Unintended Consequences
Returning zero results instantly feels like a bug. So now, this creates a UX problem to solve, because we have to educate the user about why their valid search criteria has some technical limitations, which words are invalid, etc. Although there are ways to do this, we shouldn’t have to take on a user education burden. As you probably know, well-designed mobile apps inflict minimal cognitive loads on their users. So, we feel painted into a corner…

Possible Solution
Is it feasible for Couchbase Lite’s internal implementation to use a boolean flag which determines whether or not stop words are included? If so, the flag would be false by default, so that stop words are not included. But then expose this flag as an optional parameter when an FTS index is created in code, by developers.

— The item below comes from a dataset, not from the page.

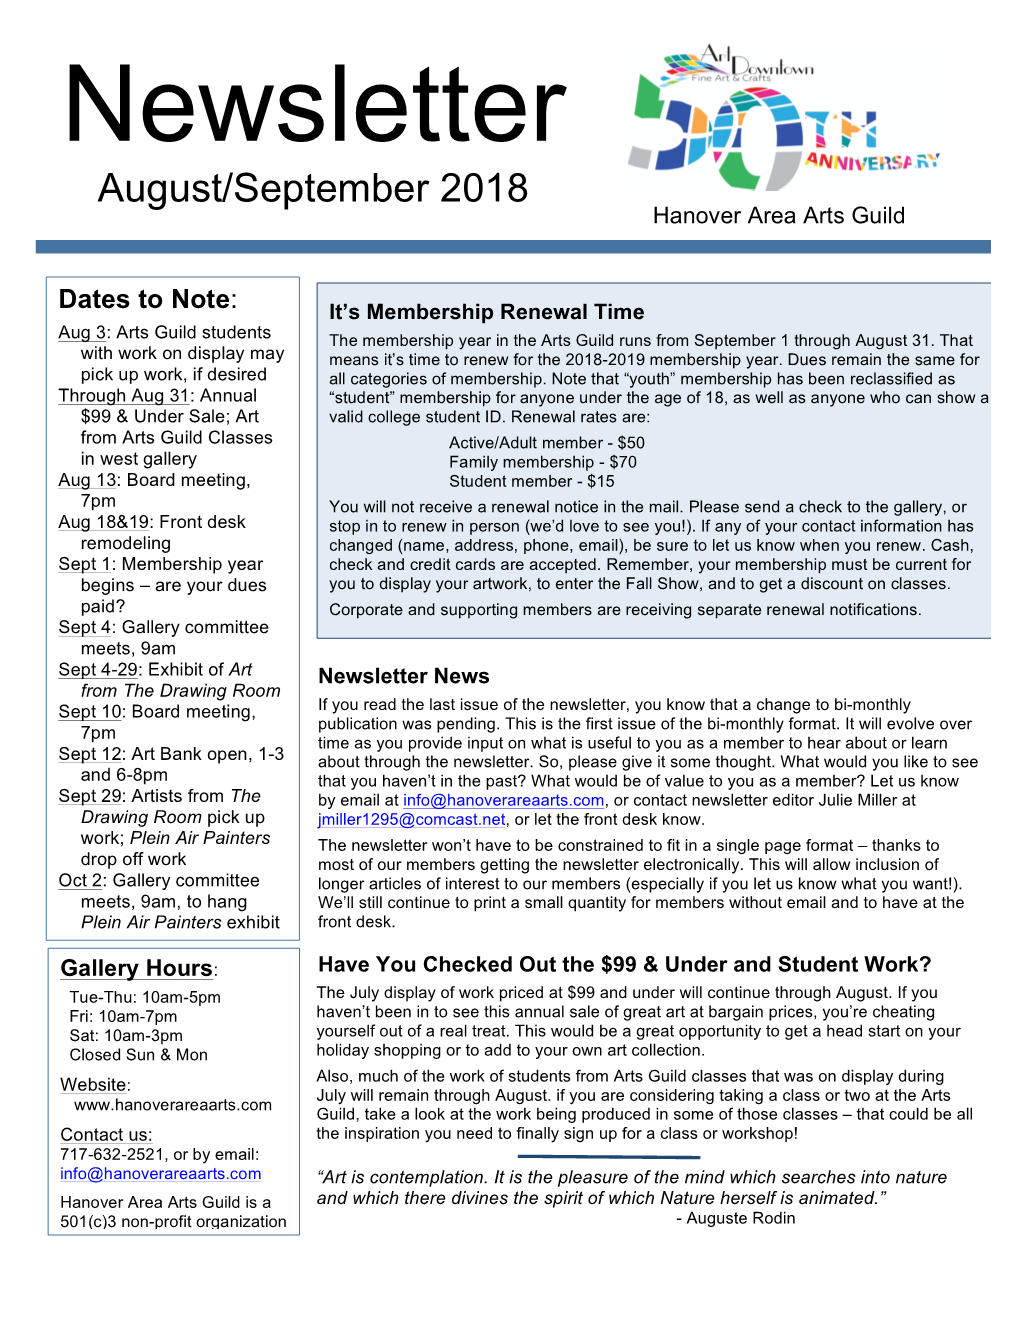 Newsletter August/September 2018 Hanover Area Arts Guild
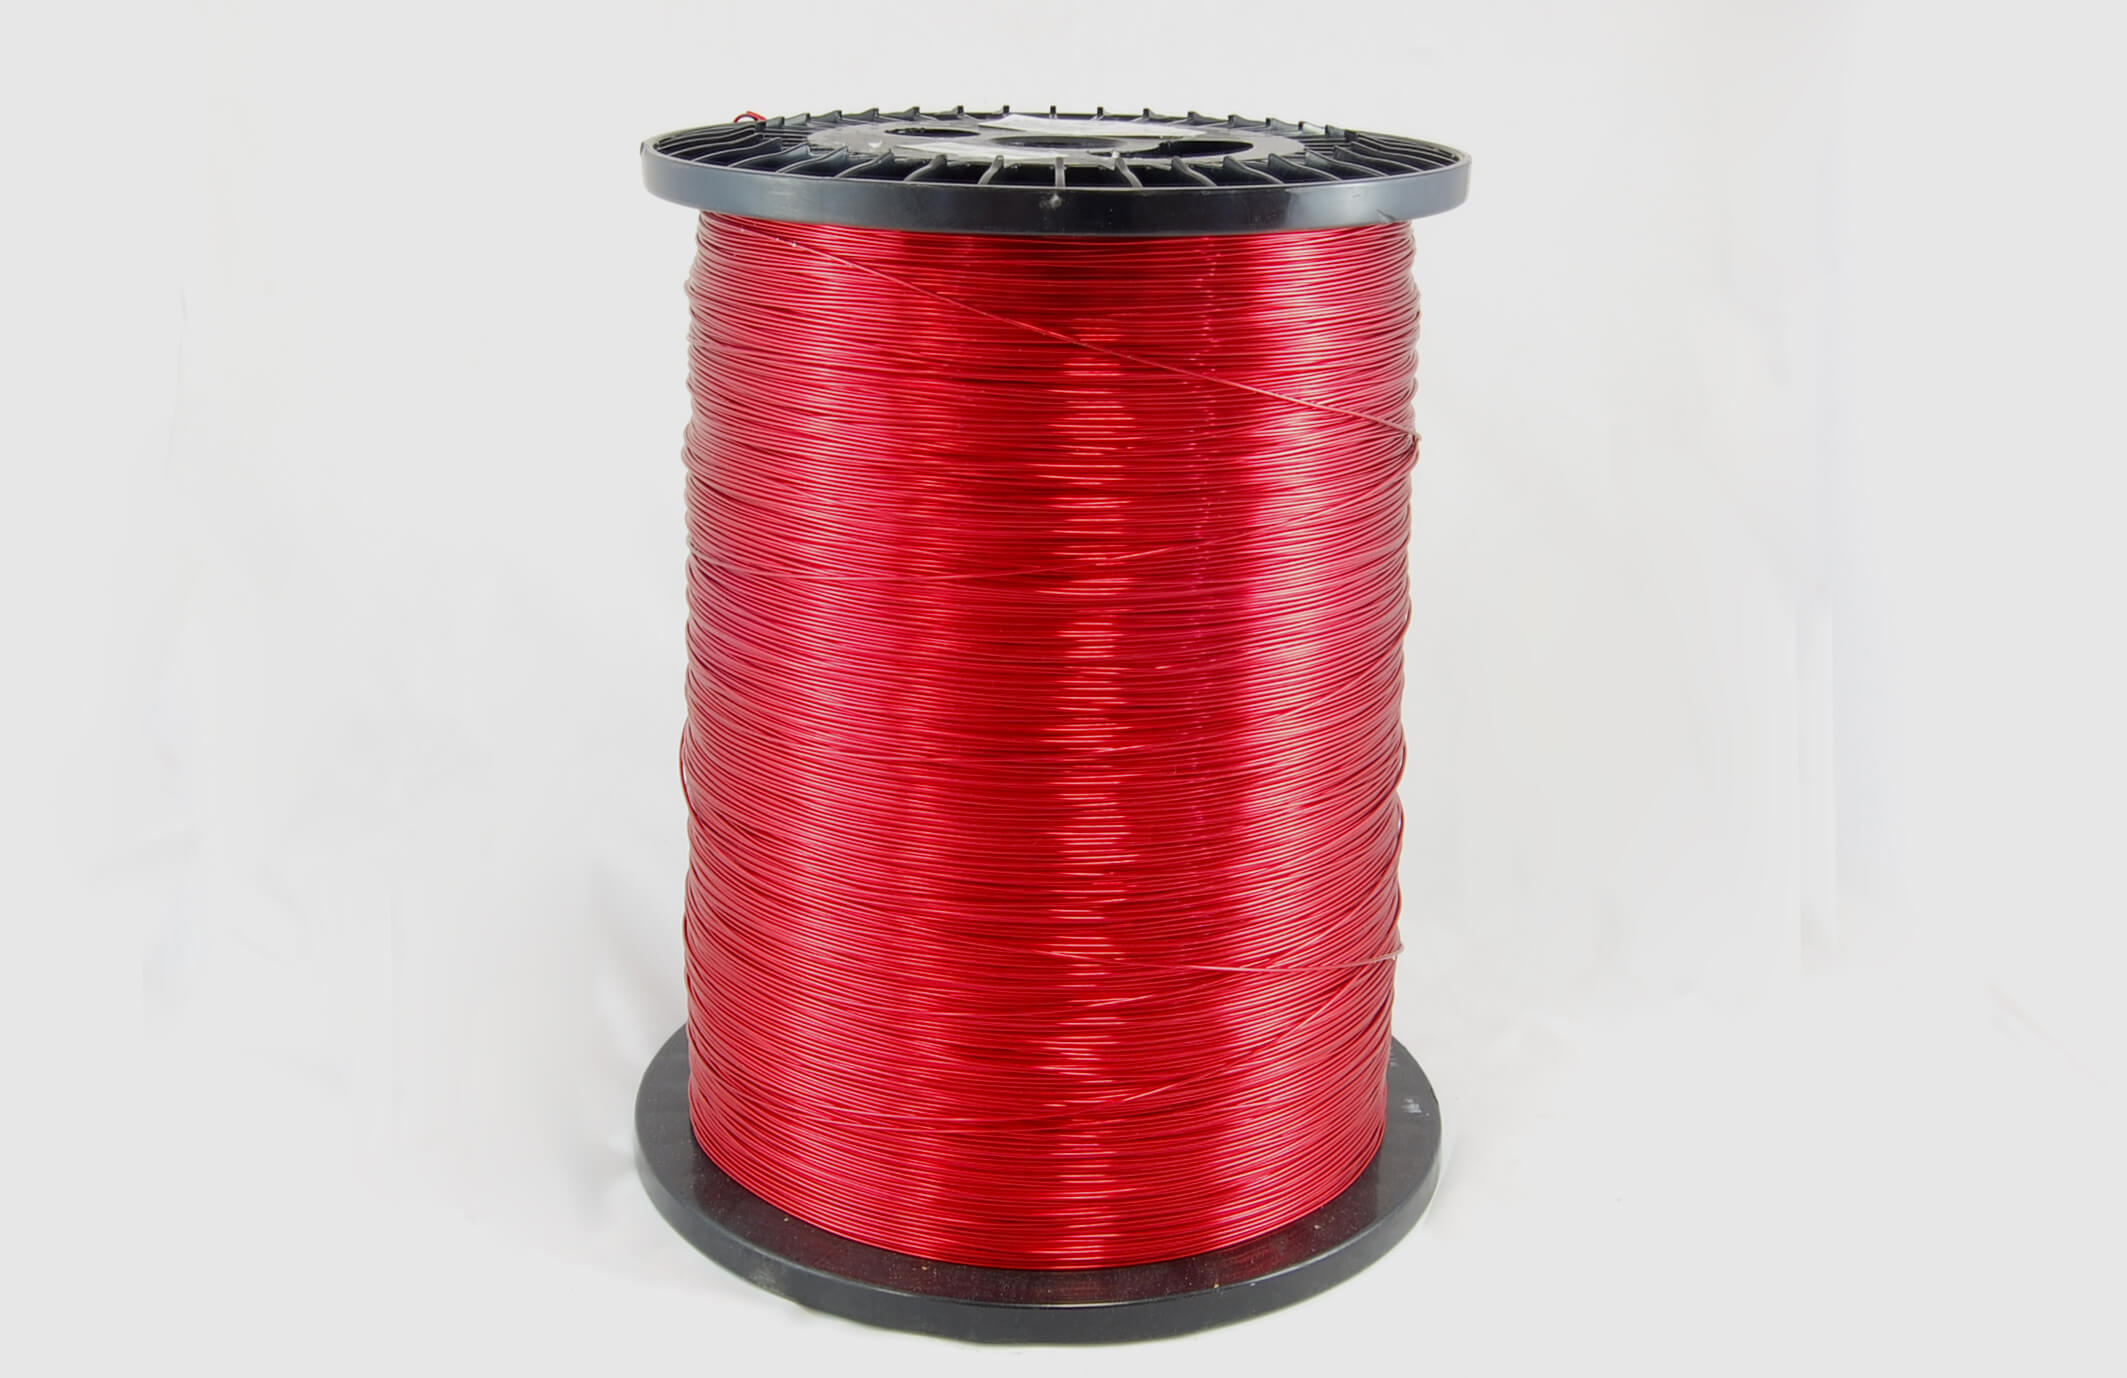 #19 Single Nysol  Round SNSR MW 80 Copper Magnet Wire 155°C, red, 85 LB box (average wght.)

  1. If performance suffers, it’s easy enough to switch the toggle back to its default value.
  2. Small databases (mobile) should be less affected, correct? In other words, does the performance penalty correlate directly to the FTS index size (rows * indexed columns)?

Thanks for considering… :slight_smile:

Andy

@ajhuntsman

Everything you’ve described is possible today, it just isn’t as easy to configure as a checkbox. As has been explored in the rest of this thread, it’s possible to build your own version of the standard analyzer, except keep the stop words in the index.

When we made the decision to ship analyzers which removed stop words, it wasn’t just about performance in a vacuum. It was the specific fact that it makes the index larger, in the context that FTS indexes are already quite large to begin with. Now, since that time, we’ve made some great improvements to reduce the size of the index (upcoming scorch index format), so we are having conversations internally about revisiting this decision. That being said, index size is just one factor in the decision to include stop words. If we were to promote building indexes that include stop words, we’d probably also need to ship something like the “common terms query” that Elasticsearch offers. This type of query can cope with very high frequency terms at query time. See this link for more information on it: Stop Stopping Stop Words: a Look at Common Terms Query | Elastic Blog

Finally, you mentioned Couchbase Lite near the end of this post, and I just want to clarify that the full-text offering in Couchbase Lite has a completely different implementation, and so mixing these two in the same conversation is likely to lead to confusion.